This week. This is my ego. Engrossed in a temper tantrum of epic proportions.
She is not happy with me. She digs her heals in, deep. “I don’t want to. You can’t make me.”
My poor mom, she deserves massive props, how did she ever do it? This resistance. This pouting. This fear. This bad behavior. My ego is a pro at knowing just how to make you feel like utter, and complete, shit.
And yet, she and I, we both know. These tears, once brushed off as “hormones”, are the waters of change. Growth. A spread of wings, taking flight. A becoming of “more”.
I’m asking her to change. To be vulnerable, like never before. To stretch into “more”. To create “more”. To help me share all the “more” we possibly can.
Leaving behind the privacy and safety of my journal – easy flowing ink onto soft paper – for black letters against the stark white background and wide open spaces of “the public”.

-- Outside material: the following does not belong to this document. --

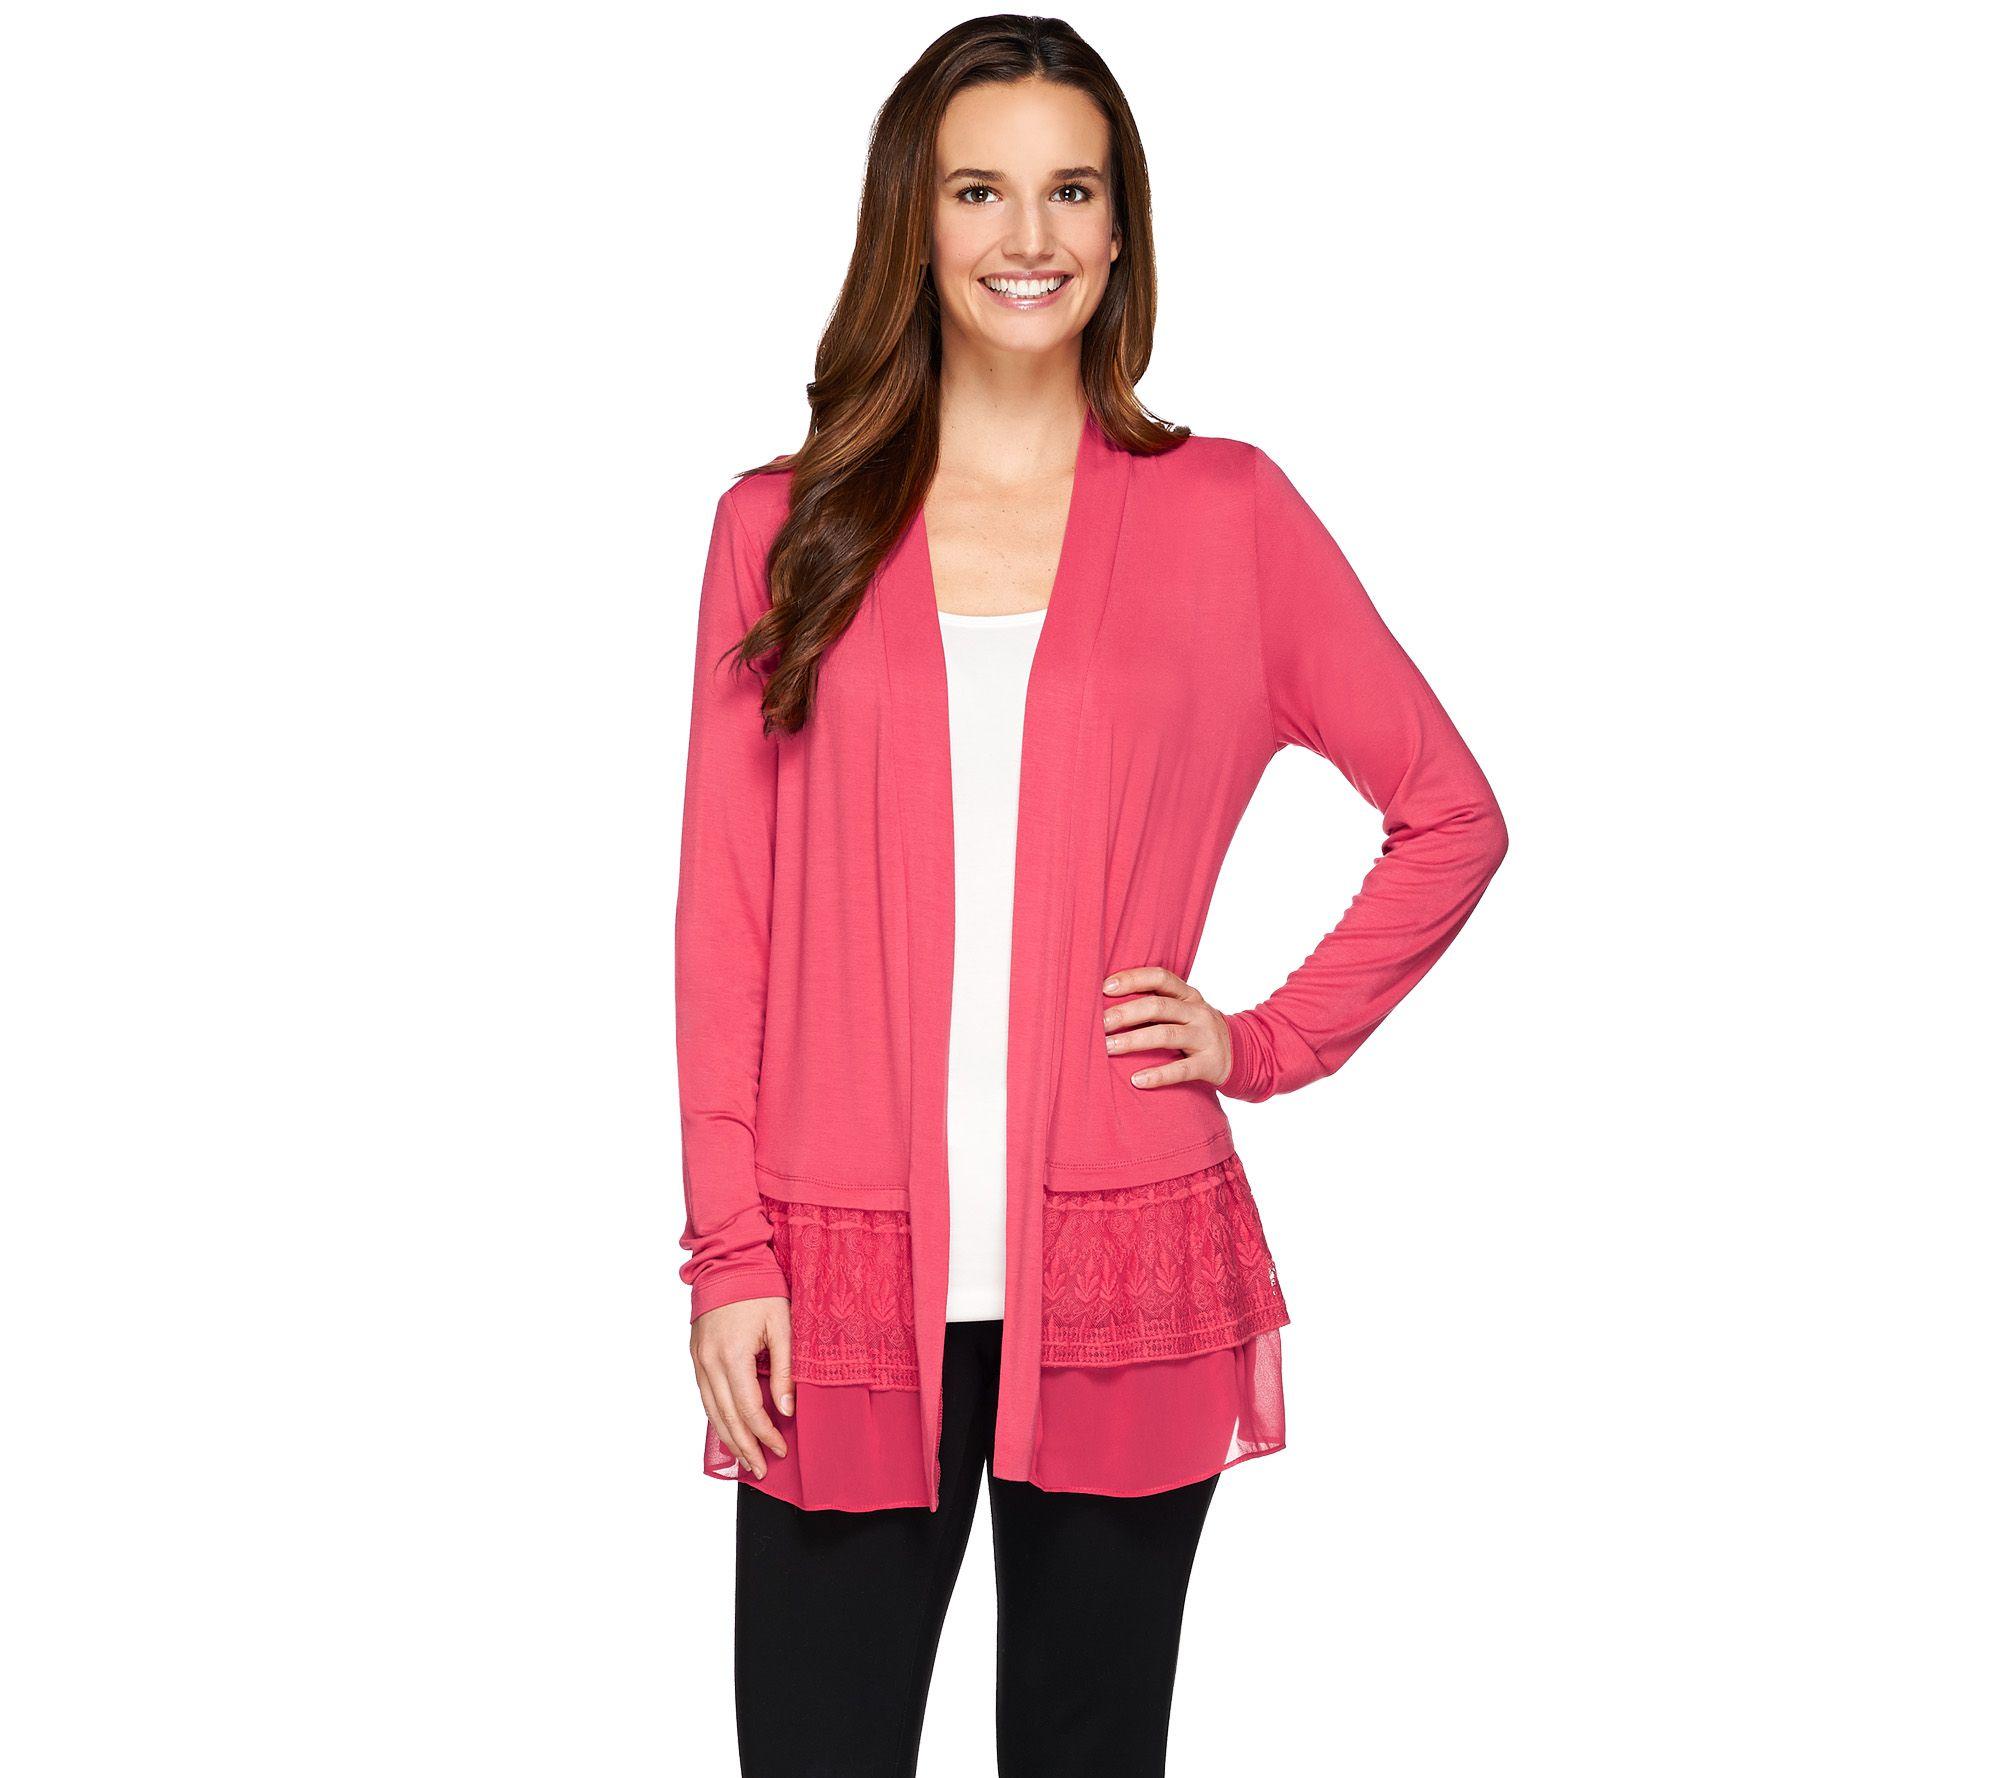 LOGO by Lori Goldstein — Sweaters & Cardigans — Fashion — QVC.com

This requires releasing the old. Unveiling something fresh, and becoming more real than anything I’ve ever been. This is not easy. In fact it kind of sucks, this becoming a better version of yourself. Such hard work for a fragile, sweet, well-intended ego who’d like you to think she’s got this.
This is where it gets real. Possibility morphing into probability becoming truth and eventually reality. The scared little girl who has been worried about being liked, being wrong, being different. She resists this unknown. This new skin, so tender. The light, so bright.
And so I write. With faith. With intent. With gratitude. With courage. From the heart. And slowly, but surely, that bird begins to soften, and the promise of peace slowly, gently, begins to unfold.